Figure 4. Anti-Sox2 immune responses after ASCT + CTL019.

(A) Left panel shows anti-Sox2 antibody concentrations before and after CTL019 + ASCT as measured by ELISA in serum diluted 1:400. Subject 6 was excluded from anti-Sox2 antibody analysis due lack of post-ASCT samples. Middle panel shows serum anti-Sox2 antibody concentrations in subject 1 after dilution of serum to 1:800 (red) and 1:1,200 (green). Right panel shows serum anti–tetanus toxoid antibody concentrations before and after CTL019 + ASCT; this analysis was restricted to subjects with samples available from 4 or more time points after ASCT. Data points indicate means, and error bars indicate range, of triplicate experiments after background subtraction. (B) Percentage of T cells proliferating as assessed by CFSE dilution in response to Sox2 peptide mixes 1-2 (left) or 3-4 (right) from subjects’ PBMCs collected before ASCT or at various time points after ASCT. Results are presented for all T cells (top row), CD8+ T cells (middle row), and CD4+ T cells (bottom row), after subtraction of percentages proliferating in unstimulated (vehicle-only) cultures. Subjects 2 and 10 were excluded from this analysis due to insufficient sample. (C) Subject 1 CFSE dilution in PBMCs collected prior to ASCT (top) and at 6 (middle) and 9 (bottom) months after ASCT in response to stimulation with Sox2-derived peptide mixes (mixes 1-2 or mixes 3-4), negative control stimulation with vehicle only, CEF peptides (peptides derived from cytomegalovirus, Epstein-Barr virus, or influenza virus), or positive control stimulation with PHA. (D) Reactivity in subject 1 PBMCs obtained 12 months after ASCT against individual overlapping Sox2 peptides from mix 3.

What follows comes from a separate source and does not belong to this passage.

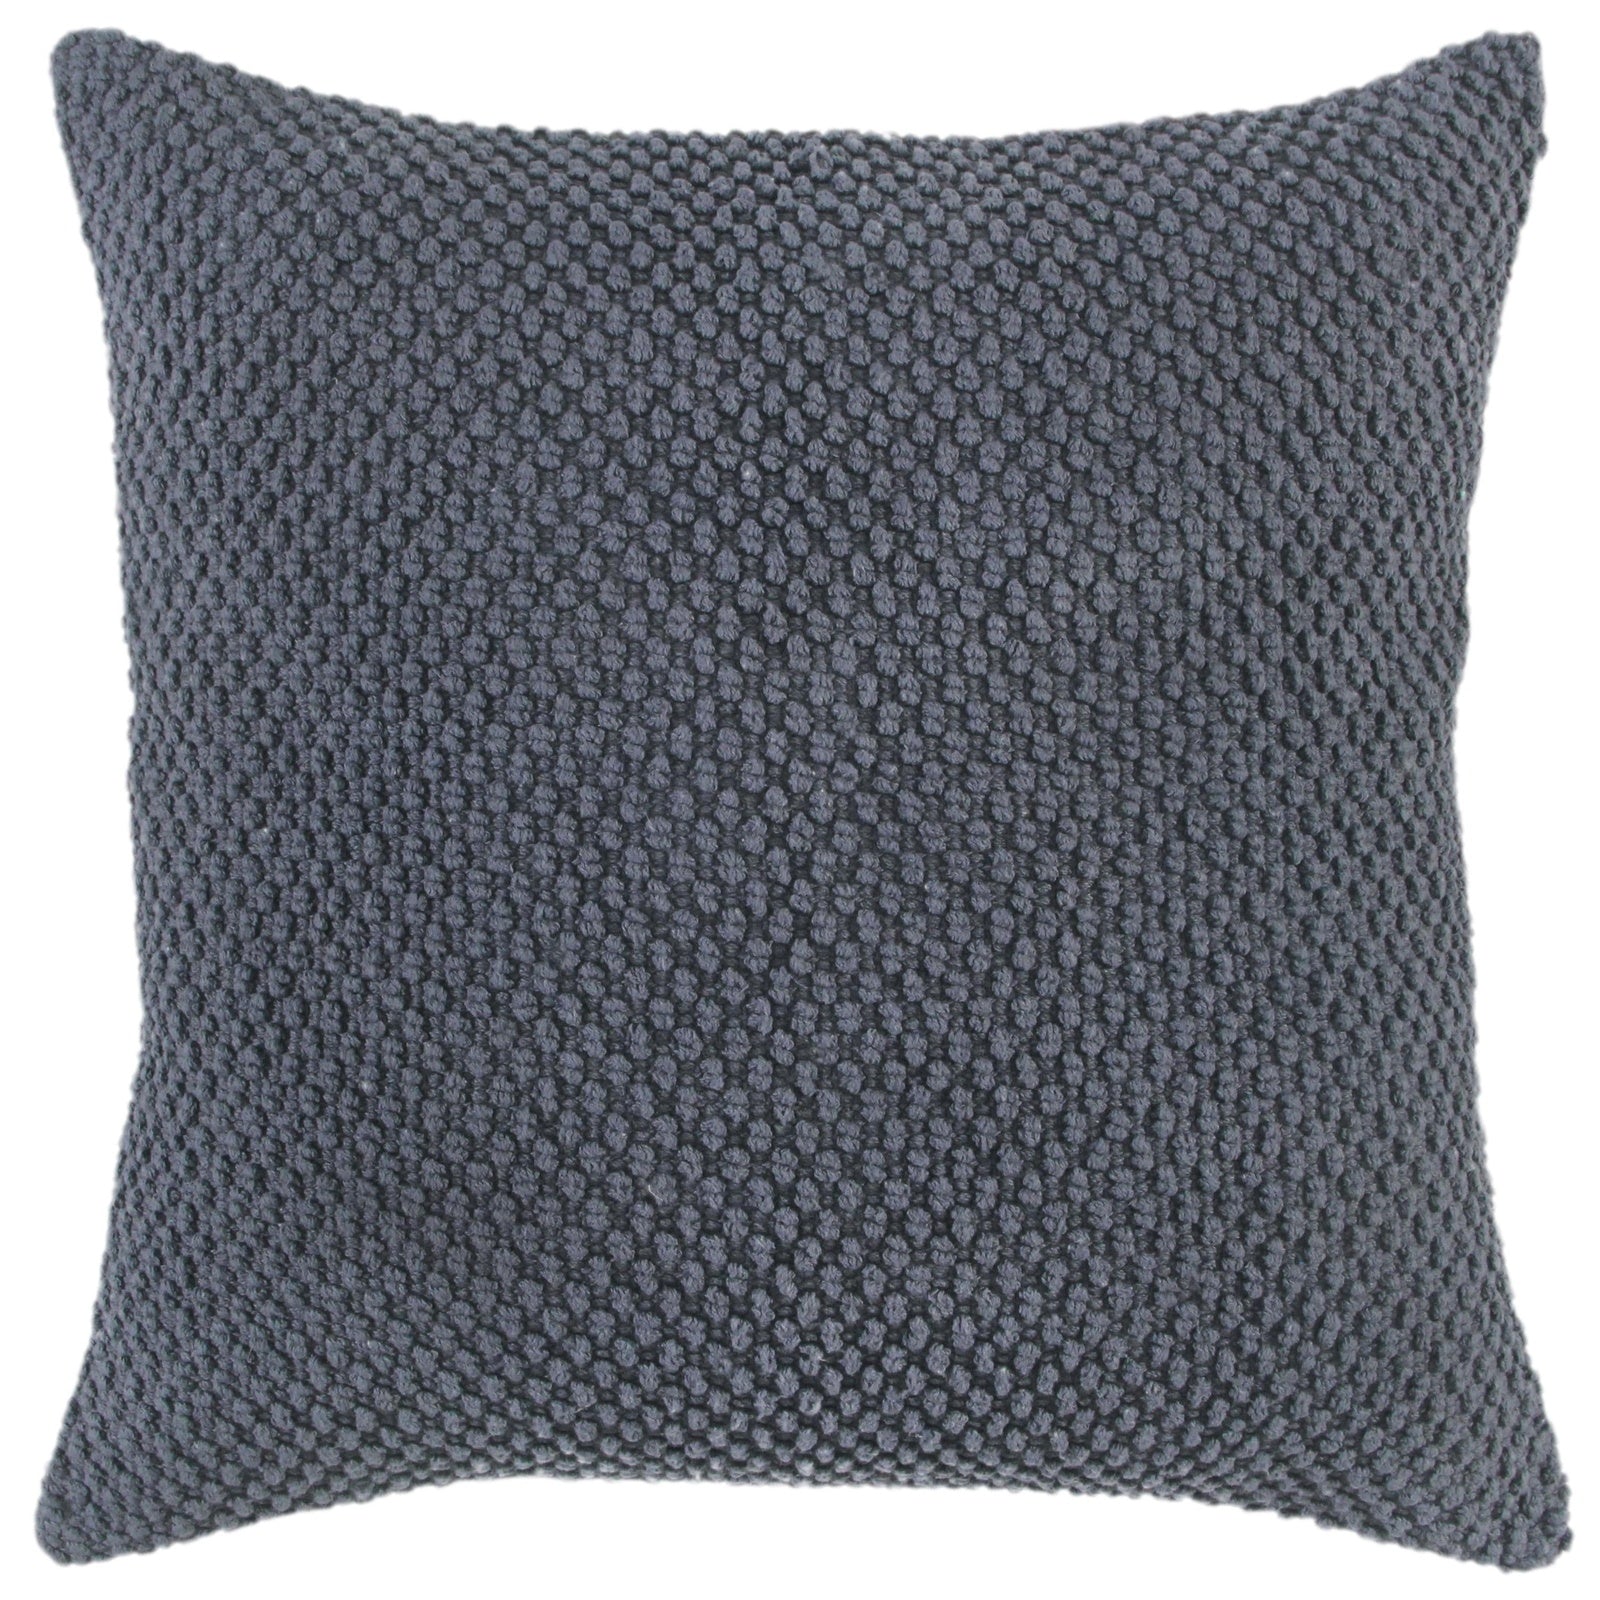 Woven Cotton Solid Pillow Cover - Decorative Pillows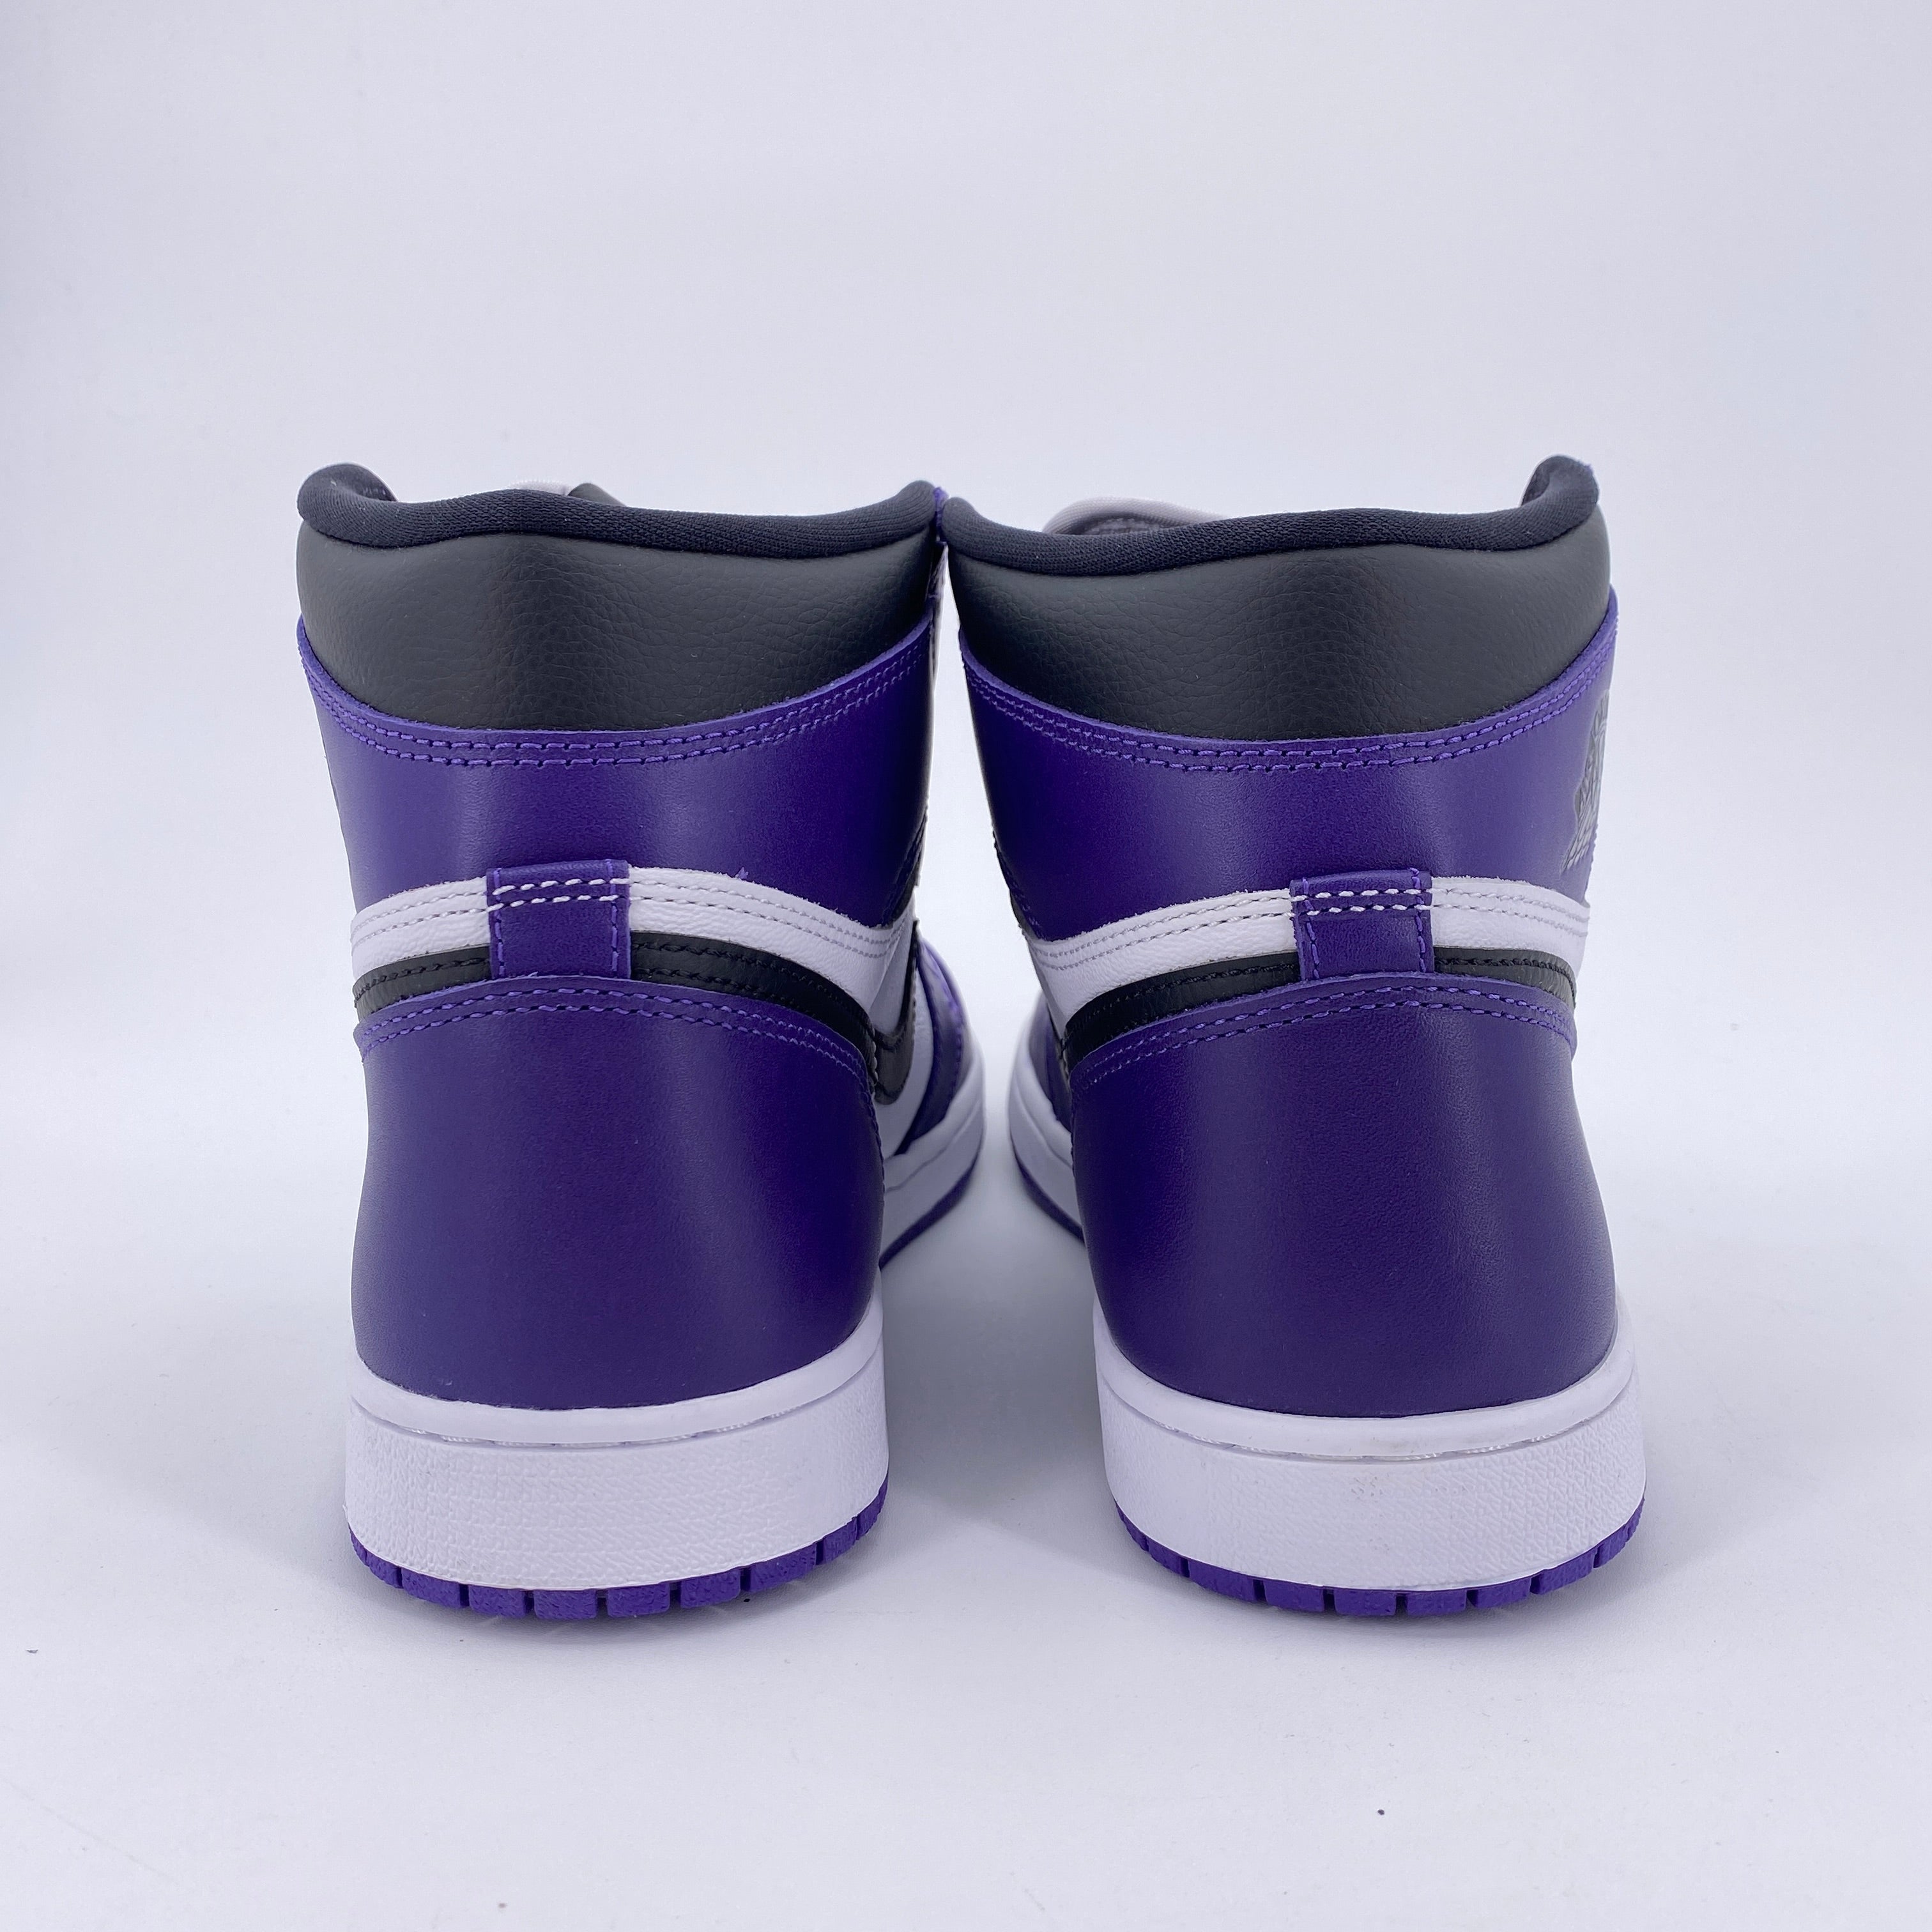 Air Jordan 1 Retro High OG "Court Purple 2.0" 2020 New (Cond) Size 11

Figure 5. In vitro colony formation of bone marrow aspirate obtained from multiple myeloma patients not treated on our clinical trial following ex vivo incubation with CAR T cells against CD19 and/or BCMA, CAR T cells against mesothelin (meso CAR T), or nontransduced T cells.

Results are normalized to untreated (no T cells) control and presented for each individual patient (A) and in aggregate by treatment condition (B). Groups were compared using Kruskal-Wallis test. P values are reported from Dunn’s test after Sidak’s correction for multiple comparisons.